So the cousin's in trouble. He lost his job, couldn't meet the mortgage, got a loan from a moneylender, then a bigger loan. Now they're battering on the door looking for their money back.
"Look at all that expensive tech stuff you have," they say, peering over his shoulder. "You could sell that computer. What about those carpentry tools?"
"But I need them to run my life! I can't make a proper living without my tools, and the computer and internet connection get me customers!"
"Tough. Nobody forced you to borrow. Now it's time to pay us back."
This is the position Ireland is in with the IMF and the ECB: the moneylenders are peering past us into the hallway, looking for things we can sell to pay them back: our land (they want us to sell off the forest land that is 7% of the country's territory); our utilities (we already, disastrously, sold the phone company - now they want the electricity and gas, and even the water we drink, to be sold to private operators, greedy grinders for profit).
If the cousin came to you for advice, what would you suggest? Not selling the computer, I suspect. You'd take him to MABS, the money advice and budgeting service (not yet privatised itself...), and the MABS advisers would sit down with him and make out a budget plan to help him to order his money affairs.
They would tell him to talk to his lenders and make an arrangement to pay off his debts more slowly. The lenders will accept this, MABS would say, because they know it's more reliable.
Work is what is going to get you out of this problem, MABS would say. Take anything you can - a nixer painting the neighbour's house, a quick programming job setting up a database for your local school's scheduling of classes.
Grow your own vegetables: it won't get you an immediate result, but it will give you relaxing exercise, a way to think things through without being panicky, and then in the height of summer it will cut your food bills, and you can actually give something back to the friends who are helping you, with gifts of home-grown stuff.
If you have a skill, you can offer night classes to the same local schools and share your skill with others.
What MABS wouldn't say is "sell your tools to pay the moneylenders".
The European Central Bank and the International Monetary Fund are also telling the government to cut wages at the bottom - to make our poorer people even poorer - but to maintain salaries at the top.
This is a disastrous plan for the country.
I loved the Celtic Tiger - oh, sure, the arrogance of a small country that has suddenly got rich was embarrassing, but that would have passed. But I spent the Tiger years doing interviews for business magazines, mostly talking to tech entrepreneurs.
I loved it when someone running a company said "My dad was a trucker, my mam cleaned houses.

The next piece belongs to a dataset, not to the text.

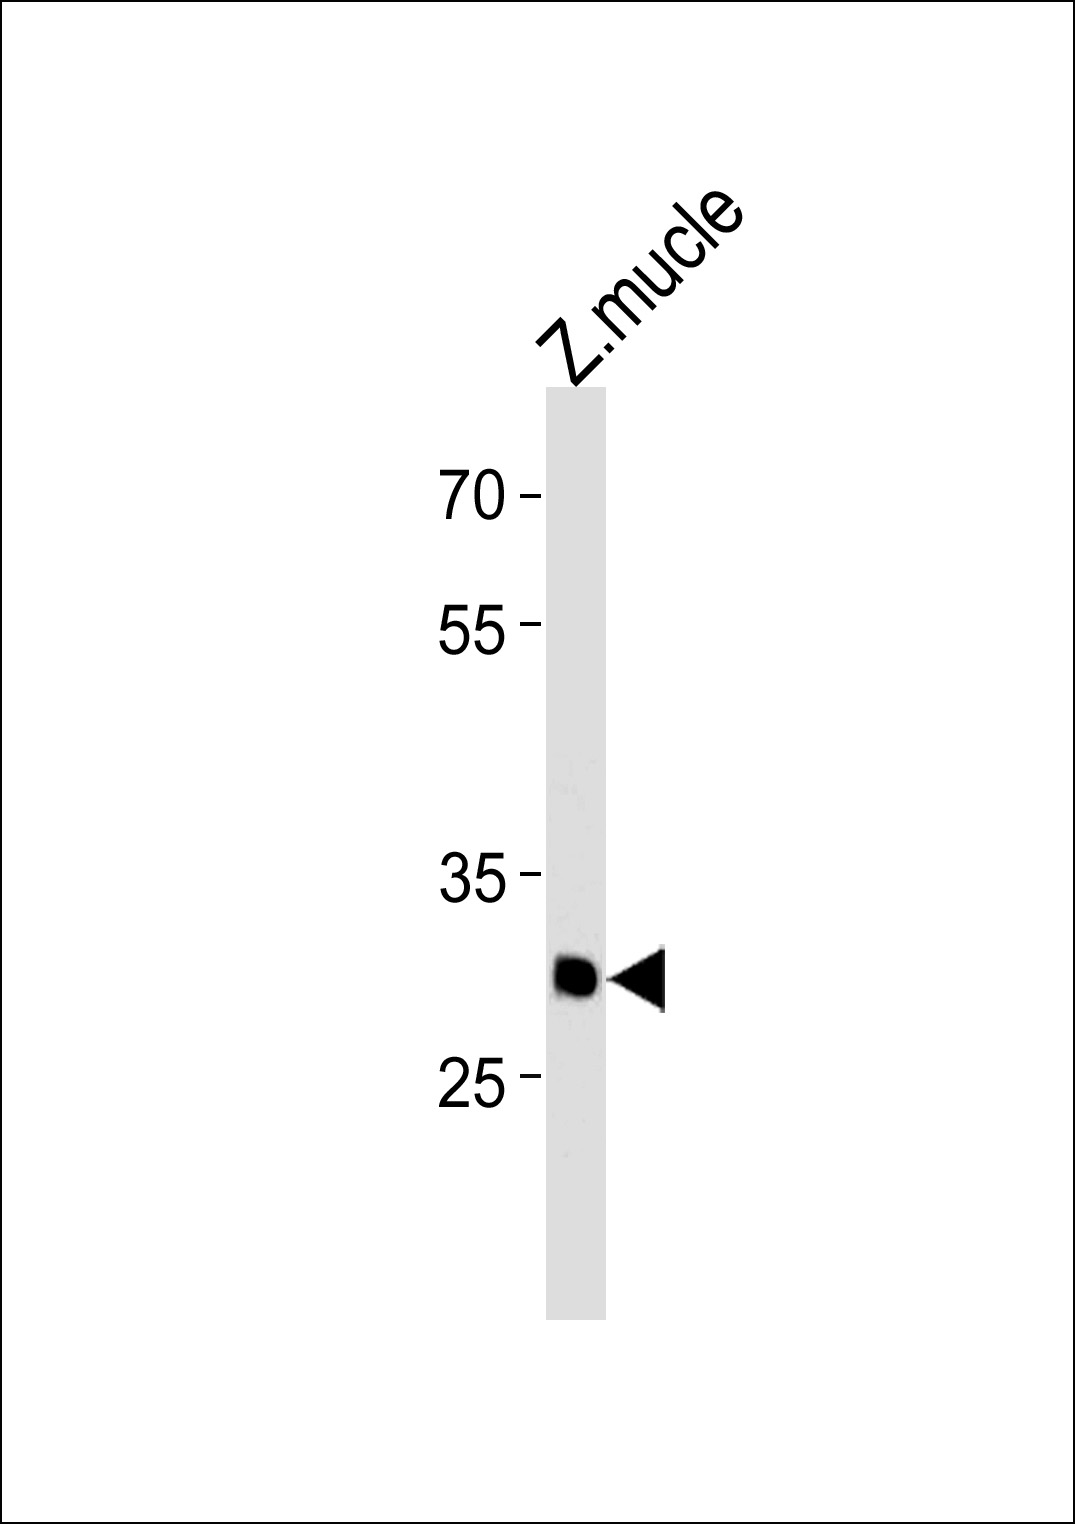 DANREhmx3 Antibody (Center) (Cat. #Azb10011a) western blot analysis in zebra fish muscle tissue lysates (35ug/lane).This demonstrates the DANREhmx3 antibody detected the DANREhmx3 protein (arrow).
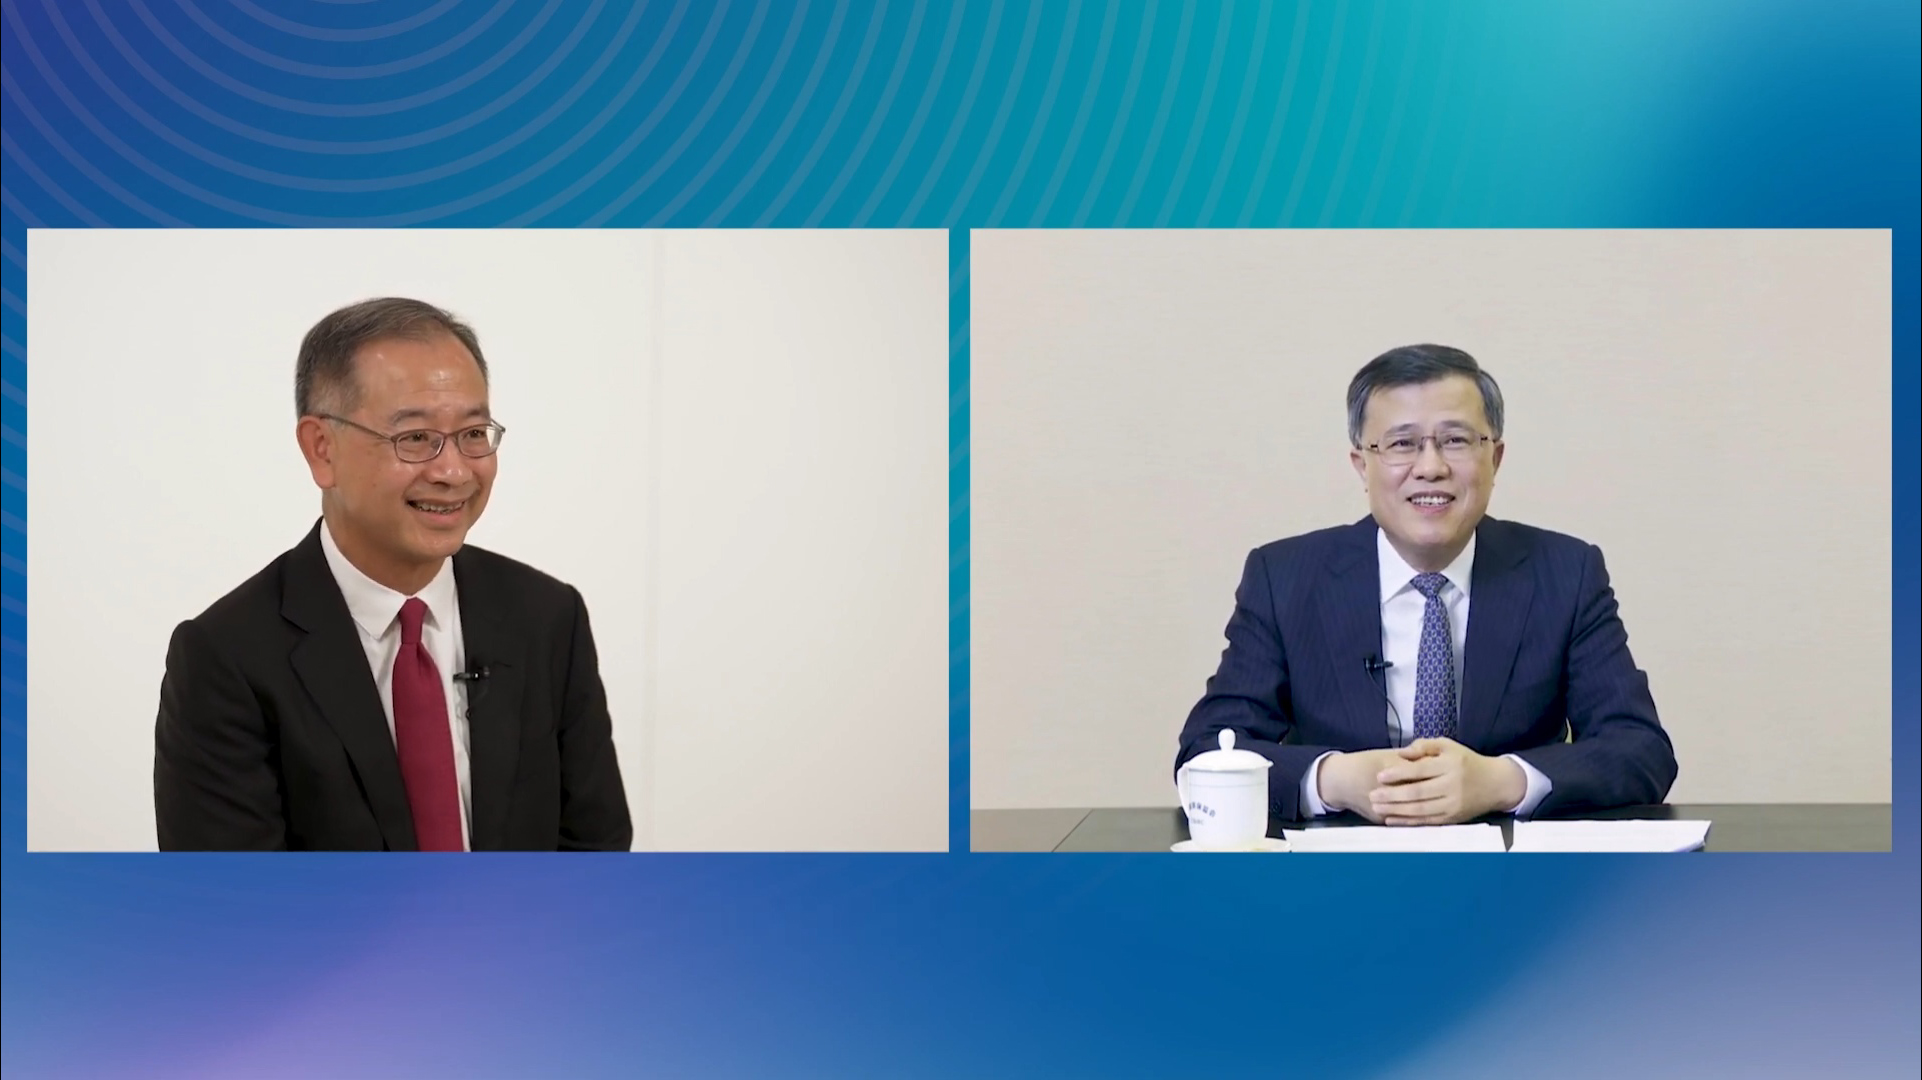 (From left to right) Eddie Yue, Chief Executive of Hong Kong Monetary Authority; XIAO Yuanqi, Vice Chairman of the China Banking and Insurance Regulatory Commission

But when the free education came in I was able to stay in school, and I turned out to have a real gift for programming and management."
This is something that was seldom heard in the 1950s, 1960s, 1970s or 1980s. Then, if your family was poor, you stayed poor. Because poverty smothers creativity. Poor people don't have the leisure or sense of relaxation - or the sense of ultimate possibility - that allows their children to dream, and to have the facilities to fulfil their dream.
I was in a suburb last night, an area that used to be dodgy when I was growing up. During the Tiger, it was gentrified, and the remains of this still show, in some beleaguered streets with gardens of penstemons and ceanothus and irises. But the sense of terror has returned. Turn a corner and the next street is filthy, with a group of teenagers jeering at the bus stop, a line of takeaways, and - I jumped to one side to avoid it - a syringe with blood clotted in the mouth lying on the street.
A wide division in salaries creates resentment and a dull anger that stops people working. "If that talentless swine is paid €300,000 a year and I'm paid €80 a shift, why should I bother working," people think. Even if they do work hard, out of pride in their trade, their simmering fury poisons the workplace.
(Even in the Celtic Tiger years, exploitation was rife, and not always at the bottom: for instance, one newspaper bare-facedly paid its casual sub-editors as "suppliers" to avoid PRSI and tax.)
In societies where incomes are relatively equal, there is not this resentment. You're valued for your skill rather than your earnings.
Ireland needs MABS thinking, but at the moment, the government is obeying the moneylenders' every instruction. If we look forward 20 years, what kind of country do we want?
The ECB and the IMF would like a privatised state run by capital for capital, with money as the motivator for all work.
I would prefer a country with relatively level salaries, where the bus driver takes enormous pride in his job, as does the surgeon and the childminder - and it's pride in the job itself, because the money is not an issue: because we all earn enough to live well.
Surely it's time for the government to take the MABS approach?